Exercise goal ▸ Beginning at the top of the material, repeat each line exactly, and stop once the line with "Track Classic Backpack TB205 (Orange)" has been written.

▬▬▬▬▬▬

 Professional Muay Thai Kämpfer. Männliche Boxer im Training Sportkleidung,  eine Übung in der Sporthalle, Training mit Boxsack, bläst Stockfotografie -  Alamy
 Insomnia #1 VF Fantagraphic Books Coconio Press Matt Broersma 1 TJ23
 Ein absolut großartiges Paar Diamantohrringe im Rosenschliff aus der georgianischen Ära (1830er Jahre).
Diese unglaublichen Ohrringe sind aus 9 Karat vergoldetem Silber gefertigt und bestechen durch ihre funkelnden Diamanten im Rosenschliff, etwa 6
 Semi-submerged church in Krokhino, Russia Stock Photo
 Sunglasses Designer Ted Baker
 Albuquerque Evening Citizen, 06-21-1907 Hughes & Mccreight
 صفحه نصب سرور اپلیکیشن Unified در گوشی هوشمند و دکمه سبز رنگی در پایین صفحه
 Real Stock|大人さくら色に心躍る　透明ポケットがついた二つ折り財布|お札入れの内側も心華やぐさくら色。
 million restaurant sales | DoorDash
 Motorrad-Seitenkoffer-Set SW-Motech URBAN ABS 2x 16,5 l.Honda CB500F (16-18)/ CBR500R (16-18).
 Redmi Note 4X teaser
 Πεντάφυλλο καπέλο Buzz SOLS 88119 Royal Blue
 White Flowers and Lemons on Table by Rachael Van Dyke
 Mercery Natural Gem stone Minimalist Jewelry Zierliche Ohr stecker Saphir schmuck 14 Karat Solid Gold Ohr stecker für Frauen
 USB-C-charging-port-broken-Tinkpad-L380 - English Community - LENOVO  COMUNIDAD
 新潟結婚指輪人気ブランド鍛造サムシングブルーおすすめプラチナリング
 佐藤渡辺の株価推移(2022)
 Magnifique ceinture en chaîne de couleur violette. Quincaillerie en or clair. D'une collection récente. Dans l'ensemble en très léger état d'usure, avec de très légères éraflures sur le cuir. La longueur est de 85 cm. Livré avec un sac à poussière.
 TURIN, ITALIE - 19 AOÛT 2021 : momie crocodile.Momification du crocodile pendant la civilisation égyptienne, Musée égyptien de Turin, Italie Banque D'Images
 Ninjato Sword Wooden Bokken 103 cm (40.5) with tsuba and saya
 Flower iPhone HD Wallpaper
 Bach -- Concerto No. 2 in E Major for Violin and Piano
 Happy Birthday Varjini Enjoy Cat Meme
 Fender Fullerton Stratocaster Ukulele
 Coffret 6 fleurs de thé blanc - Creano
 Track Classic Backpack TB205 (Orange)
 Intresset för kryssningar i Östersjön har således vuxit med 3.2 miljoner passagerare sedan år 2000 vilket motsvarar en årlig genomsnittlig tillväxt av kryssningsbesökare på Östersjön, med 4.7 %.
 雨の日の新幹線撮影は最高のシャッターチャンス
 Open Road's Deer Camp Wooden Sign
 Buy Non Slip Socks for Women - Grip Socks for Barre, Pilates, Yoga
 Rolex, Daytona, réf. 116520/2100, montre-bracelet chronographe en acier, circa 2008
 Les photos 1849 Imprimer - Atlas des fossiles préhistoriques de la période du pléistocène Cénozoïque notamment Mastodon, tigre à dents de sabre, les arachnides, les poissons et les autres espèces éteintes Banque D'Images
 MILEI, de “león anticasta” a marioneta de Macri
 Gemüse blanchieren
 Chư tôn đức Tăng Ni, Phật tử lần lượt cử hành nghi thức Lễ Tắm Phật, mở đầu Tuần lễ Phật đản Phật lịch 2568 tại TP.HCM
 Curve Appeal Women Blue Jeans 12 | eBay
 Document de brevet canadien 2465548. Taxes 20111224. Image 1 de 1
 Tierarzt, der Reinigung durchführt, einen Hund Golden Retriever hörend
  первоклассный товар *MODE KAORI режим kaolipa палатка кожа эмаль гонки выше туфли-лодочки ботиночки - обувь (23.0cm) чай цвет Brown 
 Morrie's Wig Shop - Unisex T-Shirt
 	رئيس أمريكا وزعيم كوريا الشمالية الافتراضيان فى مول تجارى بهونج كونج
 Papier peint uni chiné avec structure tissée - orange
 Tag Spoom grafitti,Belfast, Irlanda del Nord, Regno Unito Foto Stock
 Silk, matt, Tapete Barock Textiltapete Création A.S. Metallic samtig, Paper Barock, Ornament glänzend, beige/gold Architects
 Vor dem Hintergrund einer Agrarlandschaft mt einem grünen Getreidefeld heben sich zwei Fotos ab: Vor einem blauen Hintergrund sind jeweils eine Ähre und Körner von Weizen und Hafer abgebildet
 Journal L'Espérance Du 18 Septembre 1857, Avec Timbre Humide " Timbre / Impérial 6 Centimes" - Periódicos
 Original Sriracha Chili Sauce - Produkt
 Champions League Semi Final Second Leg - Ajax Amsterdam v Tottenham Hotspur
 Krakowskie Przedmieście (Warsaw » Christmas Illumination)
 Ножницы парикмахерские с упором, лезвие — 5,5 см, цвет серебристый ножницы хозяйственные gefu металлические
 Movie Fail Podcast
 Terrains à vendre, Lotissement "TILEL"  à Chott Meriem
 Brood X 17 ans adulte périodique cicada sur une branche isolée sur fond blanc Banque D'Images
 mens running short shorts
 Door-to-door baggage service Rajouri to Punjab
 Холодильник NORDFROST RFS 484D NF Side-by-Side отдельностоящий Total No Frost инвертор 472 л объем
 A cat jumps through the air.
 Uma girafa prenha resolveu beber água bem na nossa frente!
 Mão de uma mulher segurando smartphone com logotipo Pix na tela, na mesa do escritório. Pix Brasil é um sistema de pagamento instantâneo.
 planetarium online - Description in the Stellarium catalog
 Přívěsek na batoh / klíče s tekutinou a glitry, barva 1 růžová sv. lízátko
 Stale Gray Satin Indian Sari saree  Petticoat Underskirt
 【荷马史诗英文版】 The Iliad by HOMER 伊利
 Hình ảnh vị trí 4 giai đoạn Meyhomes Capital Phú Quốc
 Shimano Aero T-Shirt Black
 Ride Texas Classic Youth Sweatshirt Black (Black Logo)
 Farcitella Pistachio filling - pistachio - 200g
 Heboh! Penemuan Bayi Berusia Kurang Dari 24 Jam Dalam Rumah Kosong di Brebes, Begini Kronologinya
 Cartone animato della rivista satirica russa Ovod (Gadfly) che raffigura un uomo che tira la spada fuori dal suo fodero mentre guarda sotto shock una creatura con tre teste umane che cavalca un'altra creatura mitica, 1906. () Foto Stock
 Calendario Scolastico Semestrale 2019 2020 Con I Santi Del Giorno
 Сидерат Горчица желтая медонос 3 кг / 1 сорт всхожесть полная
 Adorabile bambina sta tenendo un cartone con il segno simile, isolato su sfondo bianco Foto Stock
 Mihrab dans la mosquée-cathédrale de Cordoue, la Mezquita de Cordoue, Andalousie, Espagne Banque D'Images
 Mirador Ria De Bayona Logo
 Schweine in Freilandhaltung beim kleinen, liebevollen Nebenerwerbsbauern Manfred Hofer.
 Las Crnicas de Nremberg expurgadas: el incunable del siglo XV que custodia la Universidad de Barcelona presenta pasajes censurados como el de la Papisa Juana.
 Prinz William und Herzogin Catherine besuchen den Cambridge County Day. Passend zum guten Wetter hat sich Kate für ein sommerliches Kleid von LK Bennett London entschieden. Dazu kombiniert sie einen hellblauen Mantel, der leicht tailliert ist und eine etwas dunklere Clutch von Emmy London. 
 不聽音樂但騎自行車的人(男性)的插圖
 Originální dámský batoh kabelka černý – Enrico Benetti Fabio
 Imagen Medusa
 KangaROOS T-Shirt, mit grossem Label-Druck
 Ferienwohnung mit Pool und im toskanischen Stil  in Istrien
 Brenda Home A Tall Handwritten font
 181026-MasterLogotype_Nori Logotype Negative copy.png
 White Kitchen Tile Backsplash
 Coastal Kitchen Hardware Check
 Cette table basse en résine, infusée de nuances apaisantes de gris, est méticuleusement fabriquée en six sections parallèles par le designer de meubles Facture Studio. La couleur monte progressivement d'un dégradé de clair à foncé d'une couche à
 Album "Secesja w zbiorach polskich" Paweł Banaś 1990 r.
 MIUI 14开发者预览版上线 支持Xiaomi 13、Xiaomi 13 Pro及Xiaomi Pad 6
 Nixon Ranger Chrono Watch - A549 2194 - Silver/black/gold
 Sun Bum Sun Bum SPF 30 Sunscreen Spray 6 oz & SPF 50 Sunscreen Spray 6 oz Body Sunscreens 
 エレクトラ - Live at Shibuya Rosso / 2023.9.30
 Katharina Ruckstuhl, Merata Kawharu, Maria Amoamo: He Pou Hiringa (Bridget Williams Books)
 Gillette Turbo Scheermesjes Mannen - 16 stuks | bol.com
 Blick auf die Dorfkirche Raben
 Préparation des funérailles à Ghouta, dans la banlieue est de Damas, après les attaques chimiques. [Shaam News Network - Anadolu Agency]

▬▬▬▬▬▬

Solution ▸
 Professional Muay Thai Kämpfer. Männliche Boxer im Training Sportkleidung,  eine Übung in der Sporthalle, Training mit Boxsack, bläst Stockfotografie -  Alamy
 Insomnia #1 VF Fantagraphic Books Coconio Press Matt Broersma 1 TJ23
 Ein absolut großartiges Paar Diamantohrringe im Rosenschliff aus der georgianischen Ära (1830er Jahre).
Diese unglaublichen Ohrringe sind aus 9 Karat vergoldetem Silber gefertigt und bestechen durch ihre funkelnden Diamanten im Rosenschliff, etwa 6
 Semi-submerged church in Krokhino, Russia Stock Photo
 Sunglasses Designer Ted Baker
 Albuquerque Evening Citizen, 06-21-1907 Hughes & Mccreight
 صفحه نصب سرور اپلیکیشن Unified در گوشی هوشمند و دکمه سبز رنگی در پایین صفحه
 Real Stock|大人さくら色に心躍る　透明ポケットがついた二つ折り財布|お札入れの内側も心華やぐさくら色。
 million restaurant sales | DoorDash
 Motorrad-Seitenkoffer-Set SW-Motech URBAN ABS 2x 16,5 l.Honda CB500F (16-18)/ CBR500R (16-18).
 Redmi Note 4X teaser
 Πεντάφυλλο καπέλο Buzz SOLS 88119 Royal Blue
 White Flowers and Lemons on Table by Rachael Van Dyke
 Mercery Natural Gem stone Minimalist Jewelry Zierliche Ohr stecker Saphir schmuck 14 Karat Solid Gold Ohr stecker für Frauen
 USB-C-charging-port-broken-Tinkpad-L380 - English Community - LENOVO  COMUNIDAD
 新潟結婚指輪人気ブランド鍛造サムシングブルーおすすめプラチナリング
 佐藤渡辺の株価推移(2022)
 Magnifique ceinture en chaîne de couleur violette. Quincaillerie en or clair. D'une collection récente. Dans l'ensemble en très léger état d'usure, avec de très légères éraflures sur le cuir. La longueur est de 85 cm. Livré avec un sac à poussière.
 TURIN, ITALIE - 19 AOÛT 2021 : momie crocodile.Momification du crocodile pendant la civilisation égyptienne, Musée égyptien de Turin, Italie Banque D'Images
 Ninjato Sword Wooden Bokken 103 cm (40.5) with tsuba and saya
 Flower iPhone HD Wallpaper
 Bach -- Concerto No. 2 in E Major for Violin and Piano
 Happy Birthday Varjini Enjoy Cat Meme
 Fender Fullerton Stratocaster Ukulele
 Coffret 6 fleurs de thé blanc - Creano
 Track Classic Backpack TB205 (Orange)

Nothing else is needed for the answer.